Moreover, Phytochemical Index (PI), defined as the percentage of dietary calories derived from foods rich in phytochemicals including fruits, vegetables, whole grains, nuts, seeds, vegetable juices, soy products, olive oil. The dietary phytochemical index (DPI) was calculated based on the modified method previously developed by McCarty (21); [PI= (phytochemical-rich foods g/d/ total food intake g/d) ×100].
Biochemical assessment and genotyping
Venous blood samples were collected after 12-h overnight fasting. The total antioxidant capacity (TAC) of serum was measured by spectrophotometry. TAC measurement evaluates the overall power of all antioxidants in the body (21, 22) Serum enzymatic activity of superoxide dismutase (SOD), as an enzymatic antioxidant (22) was estimated by colorimetric method (Cayman Chemical Company, USA). Interleukin-18 (IL-18), Pentrexin-3 (PTX3), and 8-isoprostane F2α (PGF2α) were measured using ELISA method (Shanghai Crystal Day Biotech Co., Ltd). The sensitivity of IL-18 and PTX3 ELISA kit was 28 ng/ l and 0.05 ng/ml, respectively. Genomic DNA was isolated from whole blood using salting-out extraction method (23). Polymerase chain reaction (PCR) was used for genotyping the BDNF Val66met, followed by 8% polyacrylamide gel electrophoresis.
Normal distribution of data was measured using Kolmogorov–Simonov test. Logarithmic transformations were applied to variables with skewed distribution. The subjects were divided in to two genotype groups: Val/Val and Val/Met, Met/Met. The data were presented as frequency (%) for categorical variables and as mean ± SD for continuous variables.
Independent T-test was used to compare the quantitative variables between the two groups and chi-square test was used In order to compare the qualitative variables.
The association between diet quality indices and anthropometric or biochemical parameters were evaluated by one-way analysis of variance (ANOVA).
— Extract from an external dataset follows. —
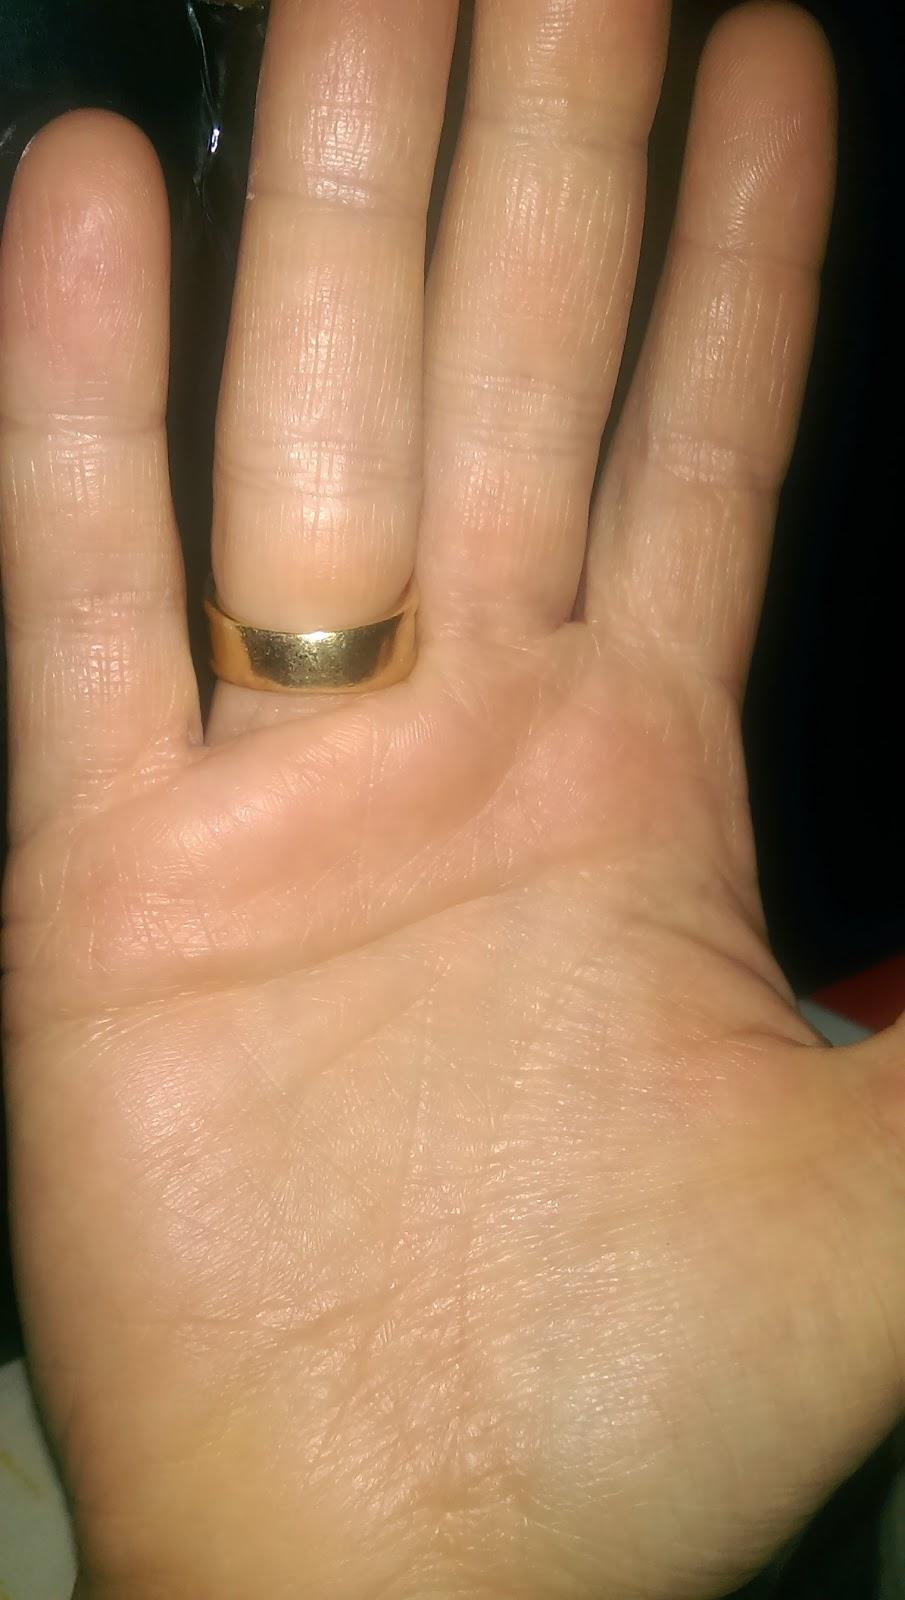 Salcura Four Seasons Winter Skin Warming Hand Therapy

The interaction between BDNF Val/Met polymorphism and DEI, DQI, and PI on anthropometric indices, serum inflammatory, and oxidative stress markers were tested using analysis of covariance (ANCOVA) test in two multivariate interaction models, before and after adjustment for potential confounders including age, sexuality, smoking, alcohol consumption, and physical activity. The data were analyzed by IBM SPSS (SPSS Inc., Chicago, IL, USA, version 26) and P value < 0.05 was considered as statistically significant.